» Task requirements
Everything from the first line of the records to the line containing "日本獅王抗菌濃縮洗衣精的使用說明", inclusive, is to be extracted exactly, and nothing more.

•••

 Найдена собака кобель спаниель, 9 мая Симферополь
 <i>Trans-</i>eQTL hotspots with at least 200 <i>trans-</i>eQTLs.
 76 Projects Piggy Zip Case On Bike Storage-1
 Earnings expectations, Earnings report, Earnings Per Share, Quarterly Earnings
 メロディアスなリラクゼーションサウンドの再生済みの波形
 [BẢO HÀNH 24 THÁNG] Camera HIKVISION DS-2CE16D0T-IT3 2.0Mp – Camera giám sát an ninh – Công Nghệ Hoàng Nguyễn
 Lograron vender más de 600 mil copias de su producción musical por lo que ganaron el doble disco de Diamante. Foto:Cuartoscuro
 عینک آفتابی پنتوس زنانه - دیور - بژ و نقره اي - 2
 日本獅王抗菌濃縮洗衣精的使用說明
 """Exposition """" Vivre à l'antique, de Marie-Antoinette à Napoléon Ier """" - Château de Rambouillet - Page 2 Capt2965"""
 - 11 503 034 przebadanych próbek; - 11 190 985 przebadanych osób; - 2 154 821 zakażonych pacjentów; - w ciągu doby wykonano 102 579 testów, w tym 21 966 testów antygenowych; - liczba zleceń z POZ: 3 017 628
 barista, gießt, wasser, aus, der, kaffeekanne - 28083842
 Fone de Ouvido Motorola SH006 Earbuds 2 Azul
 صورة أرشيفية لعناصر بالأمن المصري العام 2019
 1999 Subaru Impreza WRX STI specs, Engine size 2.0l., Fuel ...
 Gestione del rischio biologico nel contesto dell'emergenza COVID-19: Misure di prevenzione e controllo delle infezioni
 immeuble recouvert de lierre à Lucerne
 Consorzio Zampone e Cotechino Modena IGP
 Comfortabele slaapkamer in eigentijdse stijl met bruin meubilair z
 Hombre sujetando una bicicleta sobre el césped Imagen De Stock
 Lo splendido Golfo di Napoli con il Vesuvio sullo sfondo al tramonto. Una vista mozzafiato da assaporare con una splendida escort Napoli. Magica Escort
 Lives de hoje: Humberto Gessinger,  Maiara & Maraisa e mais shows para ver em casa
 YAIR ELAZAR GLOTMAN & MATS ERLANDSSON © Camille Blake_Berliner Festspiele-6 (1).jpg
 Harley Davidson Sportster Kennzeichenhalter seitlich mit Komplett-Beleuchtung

•••

» Solution for this problem
 Найдена собака кобель спаниель, 9 мая Симферополь
 <i>Trans-</i>eQTL hotspots with at least 200 <i>trans-</i>eQTLs.
 76 Projects Piggy Zip Case On Bike Storage-1
 Earnings expectations, Earnings report, Earnings Per Share, Quarterly Earnings
 メロディアスなリラクゼーションサウンドの再生済みの波形
 [BẢO HÀNH 24 THÁNG] Camera HIKVISION DS-2CE16D0T-IT3 2.0Mp – Camera giám sát an ninh – Công Nghệ Hoàng Nguyễn
 Lograron vender más de 600 mil copias de su producción musical por lo que ganaron el doble disco de Diamante. Foto:Cuartoscuro
 عینک آفتابی پنتوس زنانه - دیور - بژ و نقره اي - 2
 日本獅王抗菌濃縮洗衣精的使用說明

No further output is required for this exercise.